→ Action item: With the images removed, return every line below exactly as it reads.

→ Data excerpt:
────────
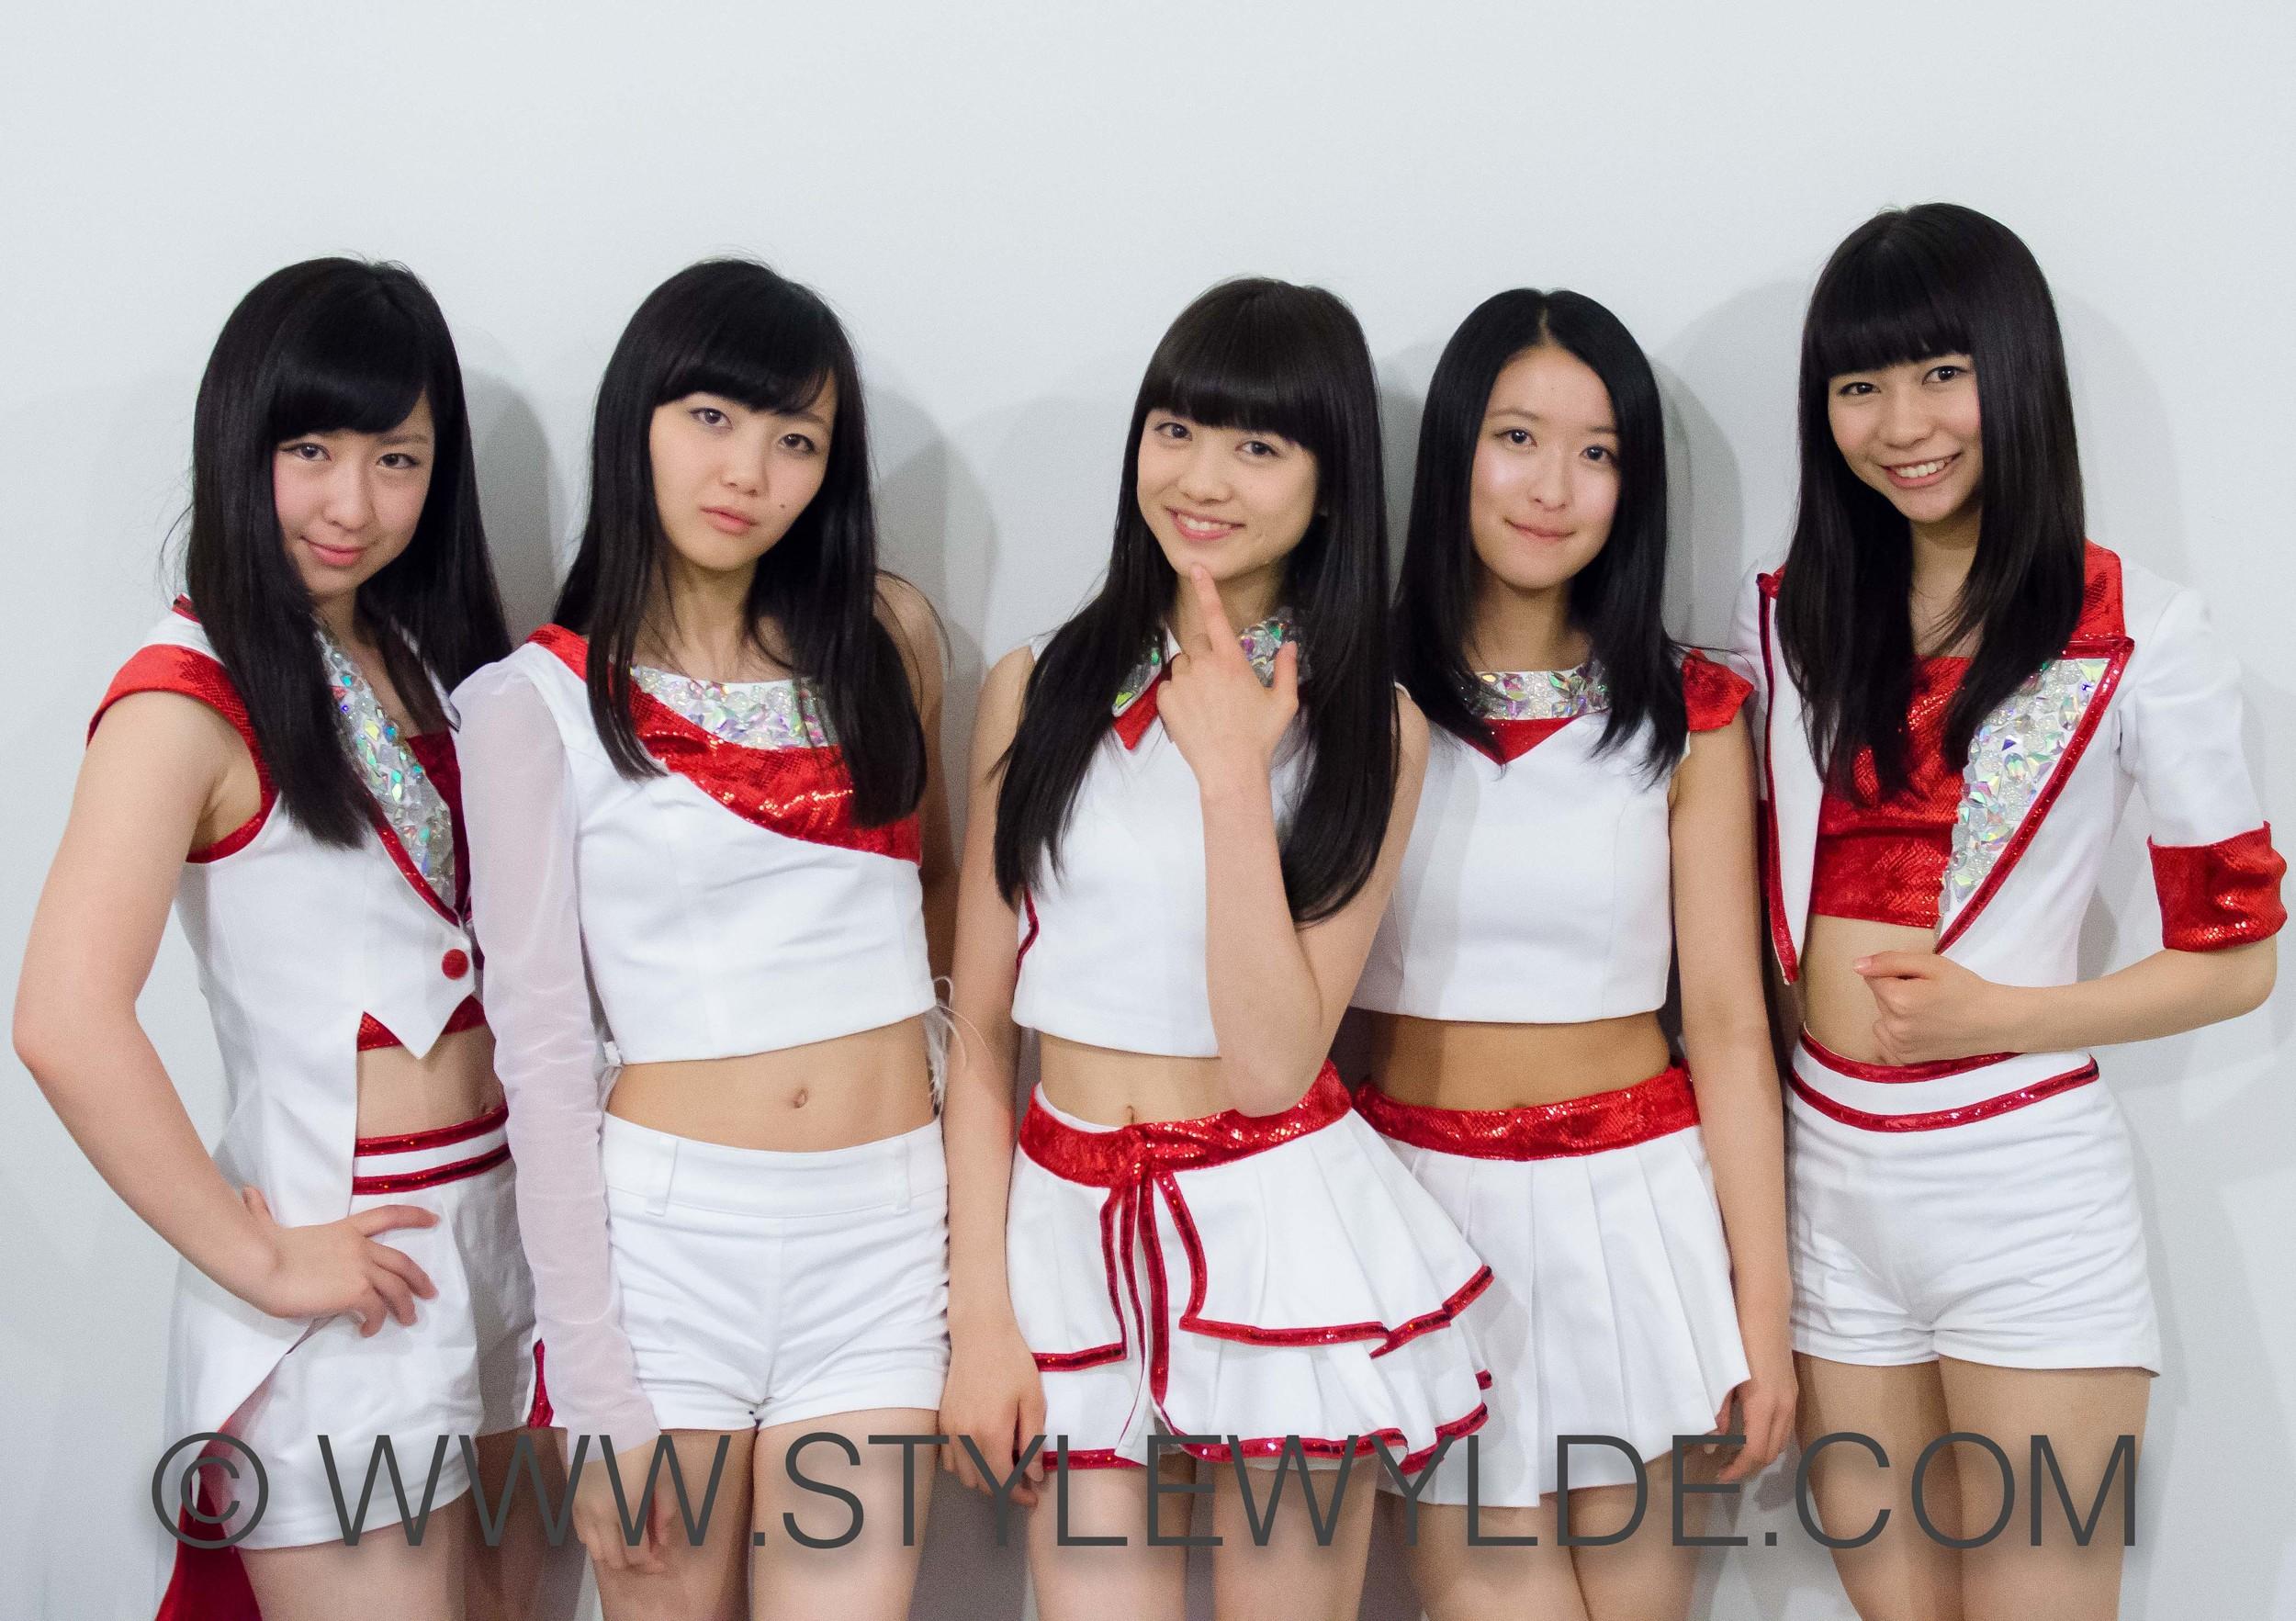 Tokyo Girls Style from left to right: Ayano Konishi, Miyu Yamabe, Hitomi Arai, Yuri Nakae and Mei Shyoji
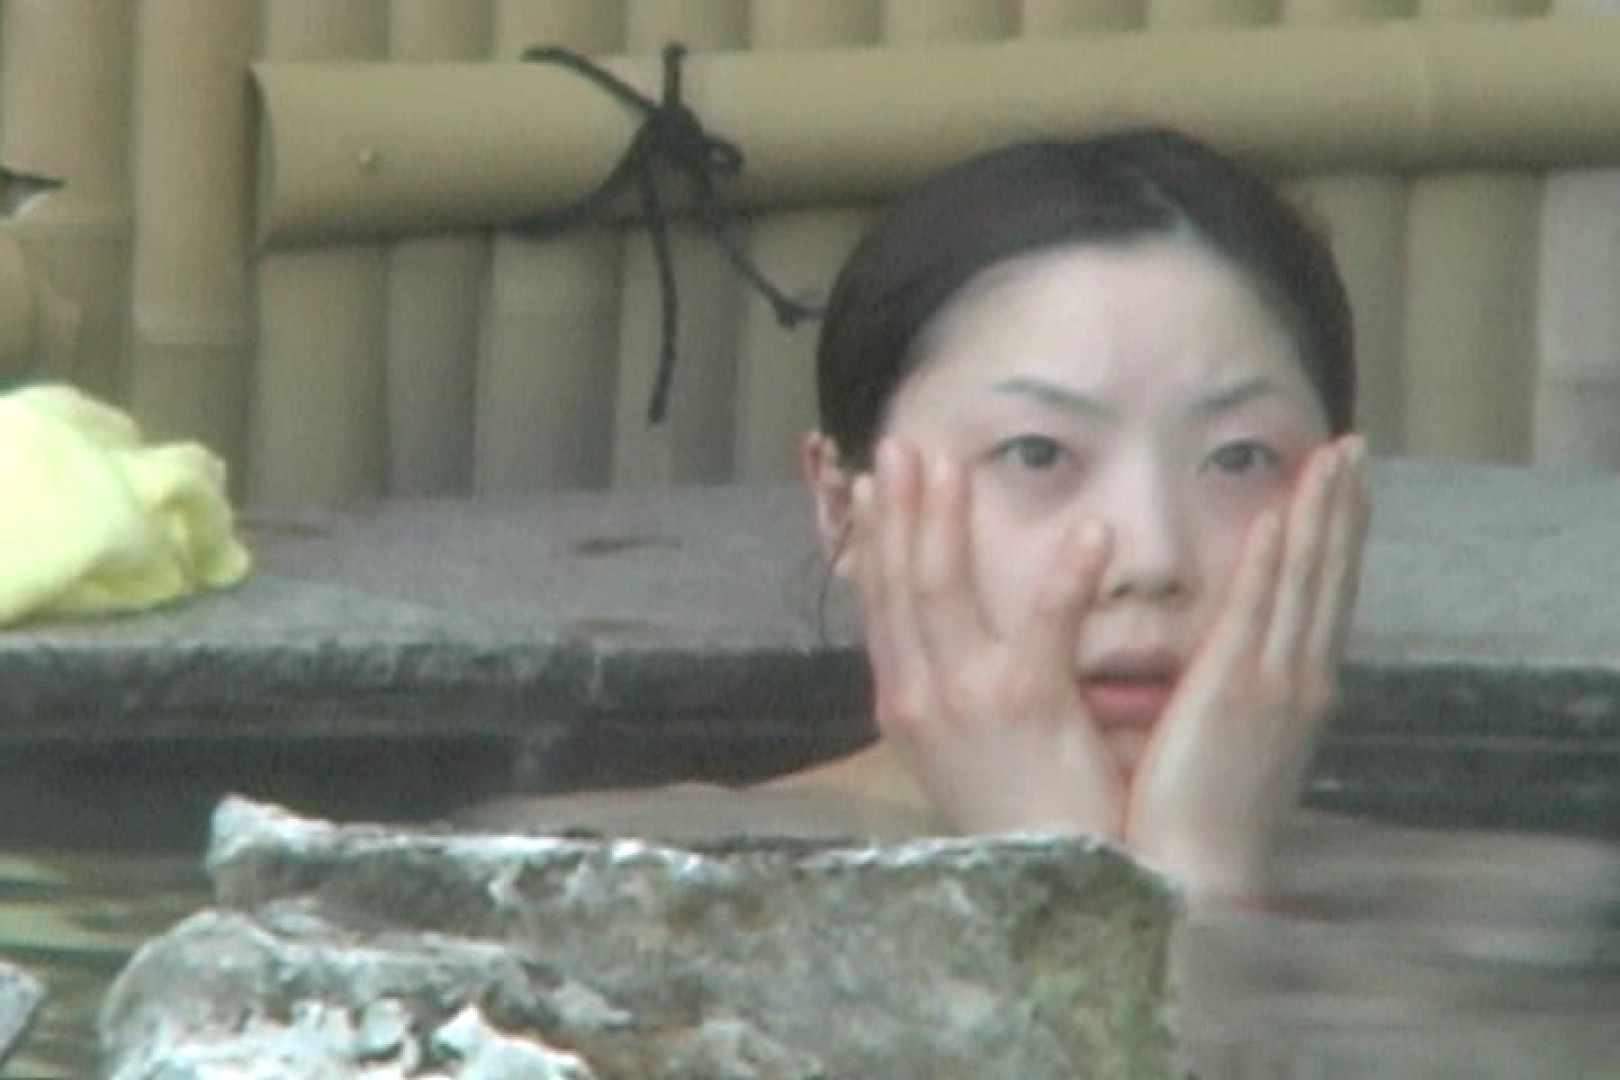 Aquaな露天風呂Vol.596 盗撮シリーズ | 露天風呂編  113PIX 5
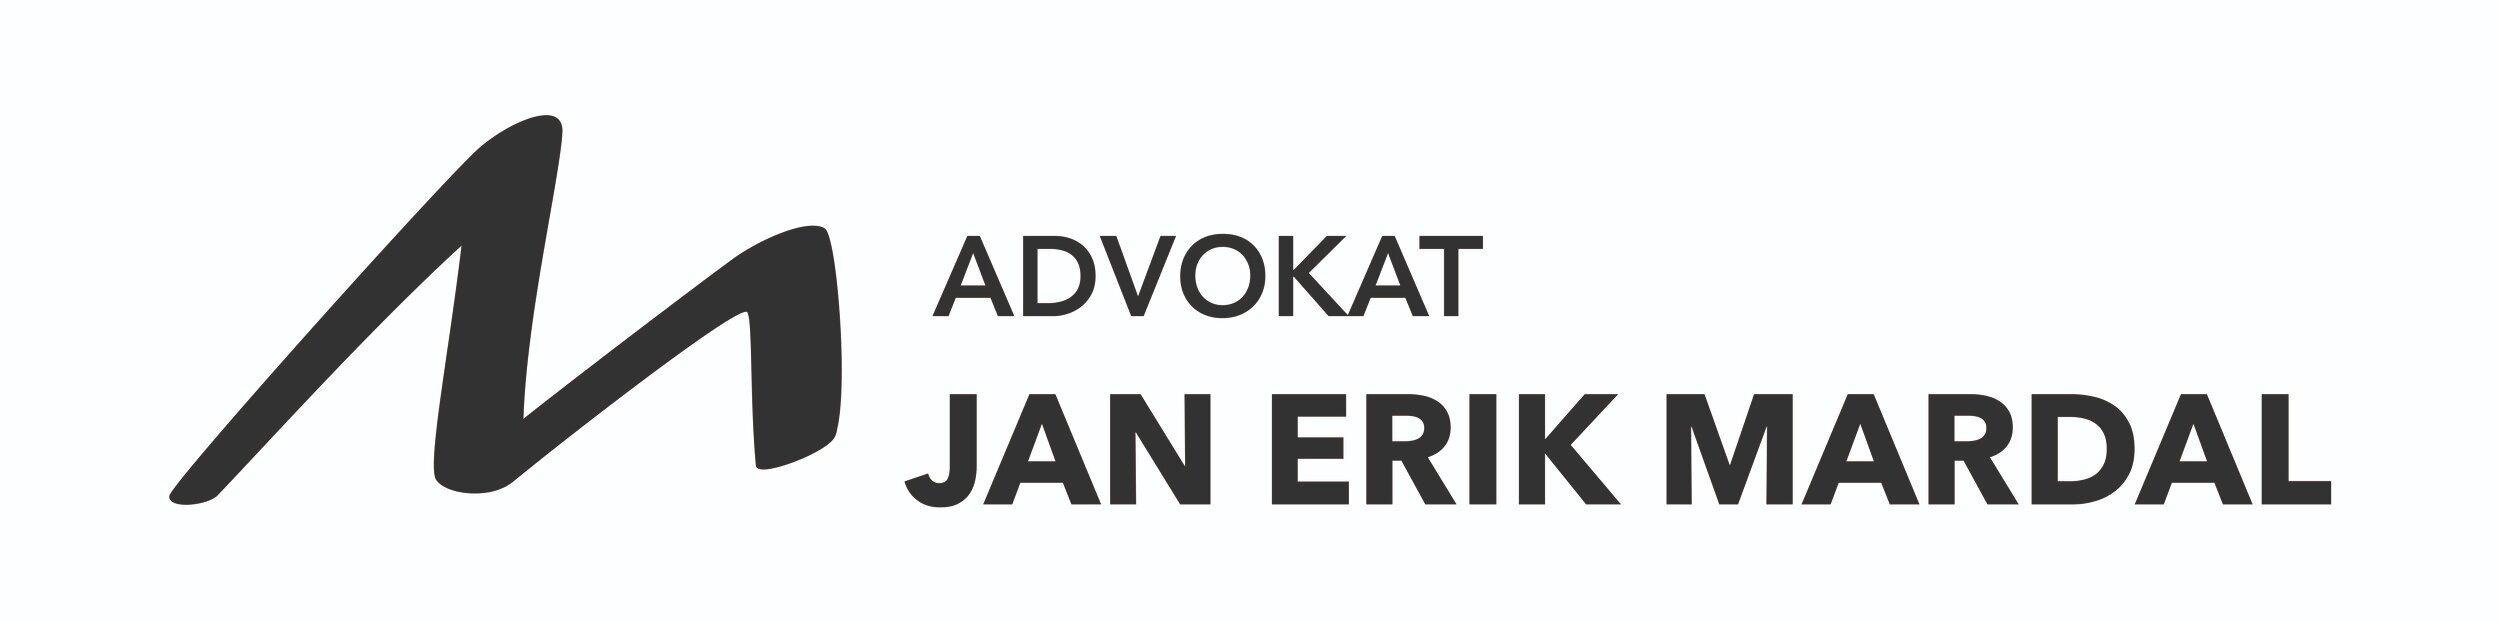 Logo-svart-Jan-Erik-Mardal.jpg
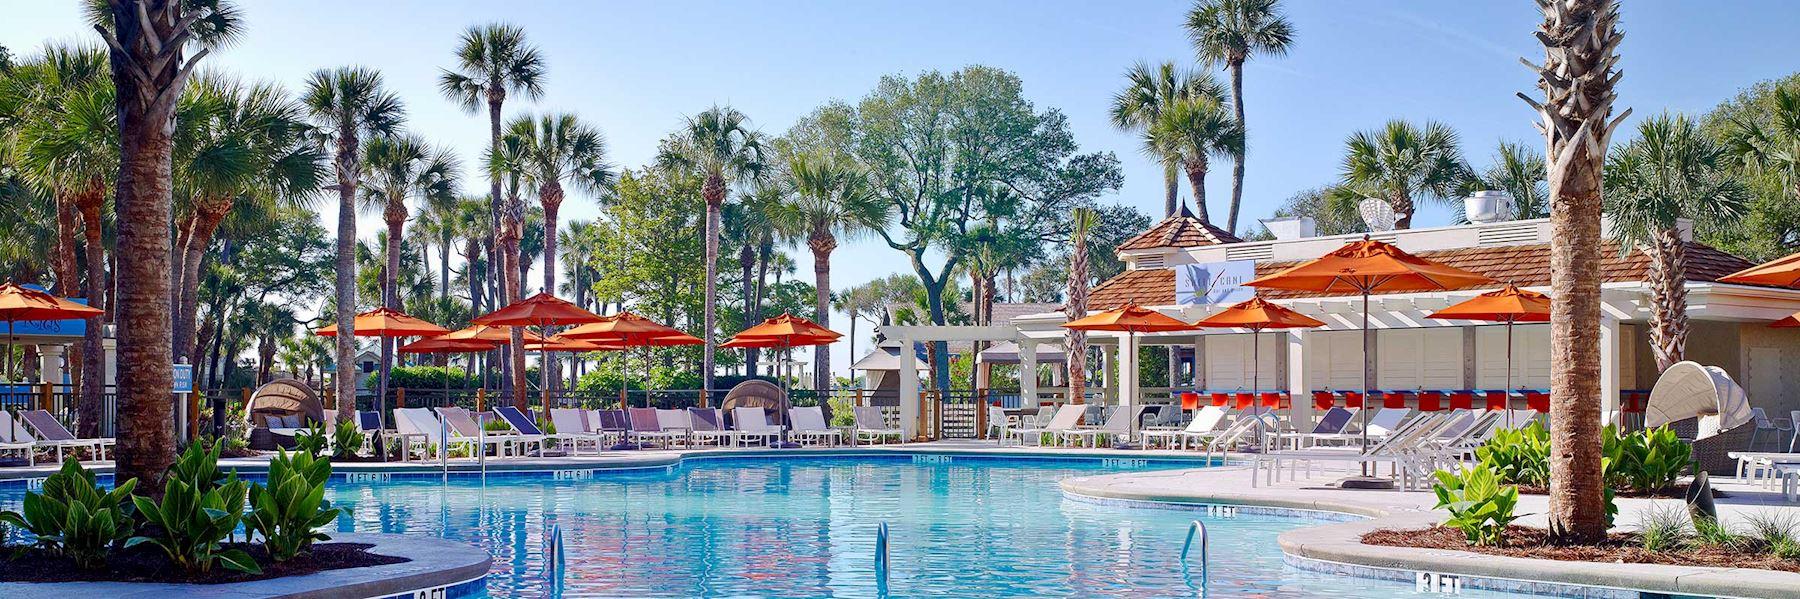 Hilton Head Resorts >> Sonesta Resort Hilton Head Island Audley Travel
────────
→ Written solution:
 Tokyo Girls Style from left to right: Ayano Konishi, Miyu Yamabe, Hitomi Arai, Yuri Nakae and Mei Shyoji
 Aquaな露天風呂Vol.596 盗撮シリーズ | 露天風呂編  113PIX 5
 Logo-svart-Jan-Erik-Mardal.jpg
 Hilton Head Resorts >> Sonesta Resort Hilton Head Island Audley Travel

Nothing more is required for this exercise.